A repetitive drum machine ticks along like leaden footsteps up an old wooden staircase, their doomy songs wrapped in a thick fog of synthesizer and reverbed guitar.
The venue staff at the Glad appear to be under strict instruction to keep the trio bathed in blue light for the entire duration of their set.
But lest it all sound too dour, two of their members are dressed in shaggy onesies, making them look like pantomime extras having a cigarette break, while the third sports a jumpsuit and a sleepy expression – an air traffic controller on a particularly bad Monday morning.
The minimalism and ominous sense of space in Kelora’s music – somehow both agoraphobic and claustrophobic simultaneously – puts me in the mind of Young Marble Giants burning through the slower, organ-driven numbers on Colossal Youth.
There’s a wonderfully morbid theatricality to their performance, and the vocal hooks on tracks like ‘999’ and ‘BOY’ nestle deep in the eardrums for some time after Kelora depart the stage.
I saw Sean Nicholas Savage a few years ago, when he toured with a backing band.
At that show, he delivered his hazy, retrofuturistic soul music a little stiltedly, chained to a keyboard, but at the Glad Café tonight, I quickly realise there are to be no such frills.
Savage plugs his phone into a jack at the corner of an otherwise empty stage, and as the first of his backing tracks begins to play, the long-legged, Hawaiian-shirted balladeer starts swaying like a drunken palm tree, crooning in a beautifully, ridiculously high falsetto.
The Glad becomes a karaoke booth in some weird border town; the audience witnesses to Savage, as if drunk on tequila and heartbreak, pining for a lost future.
It’s all very surreal, but importantly, he isn’t trying too hard to be ironic – for the duration of the set, he seems to completely immersed in his own weird world.
Like Lewis on the ‘lost eighties’ album L’amour, Savage has mastered the vocal inflections and sonic mannerisms of a particular era of production; that of shimmering, synthesiser-driven blue-eyed soul.

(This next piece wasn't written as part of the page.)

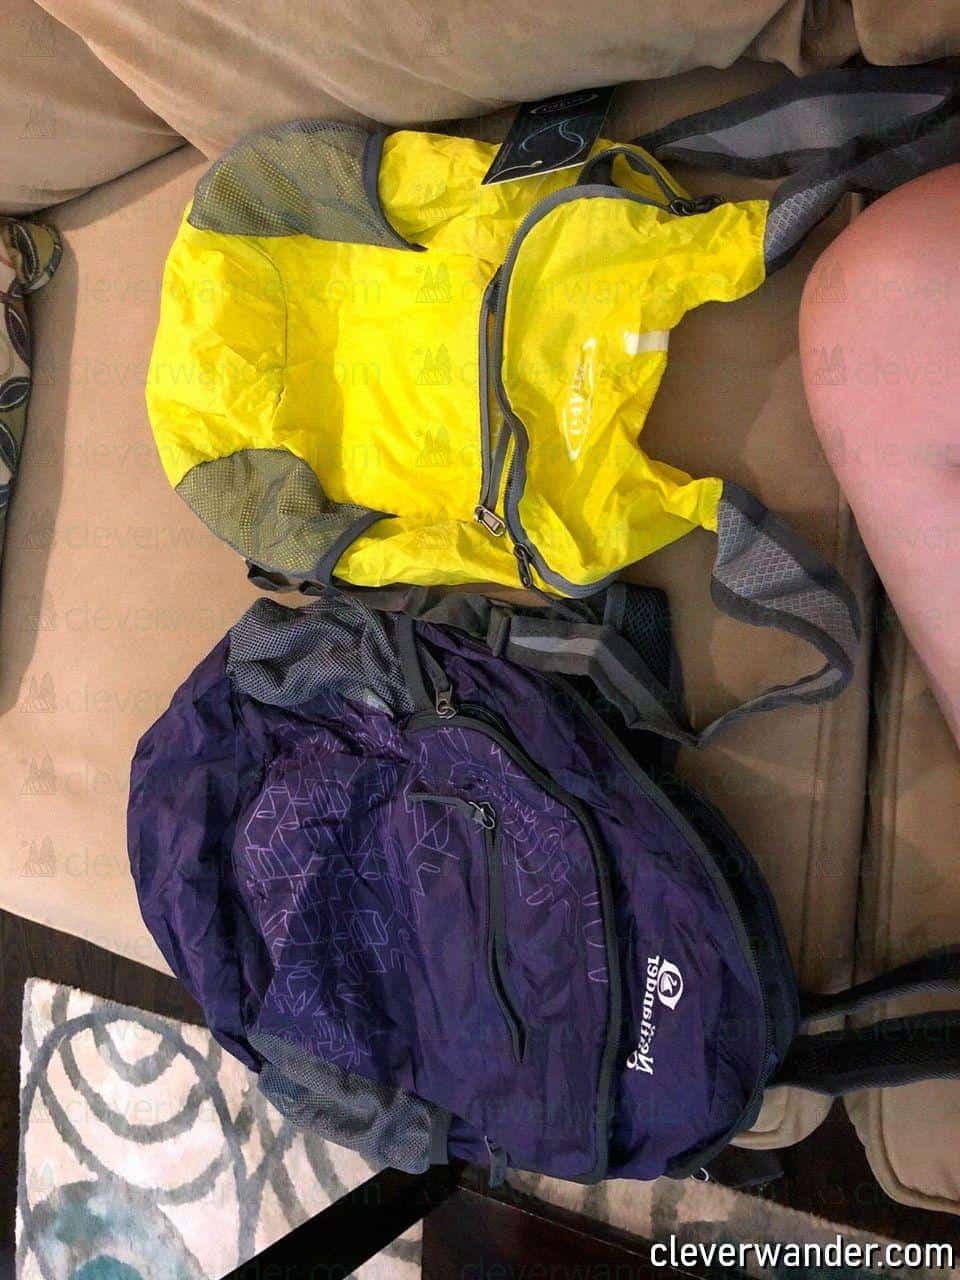 G4Free Lightweight Shoulder Backpack - image review 2

Once I realise that it’s like watching Steve Buscemi at Club Silencio, I can’t get rid of the image.
Penultimate track ‘Other Life’ gets a strong reception from a crowd who, having warmed up to Savage’s initially bewildering dance moves, are now in full groove.
After the show, he chats with enthusiastic fans as he mans the merch table, approachable and with a smile.
His clearly personable nature is the cherry on the top of a brilliantly strange evening.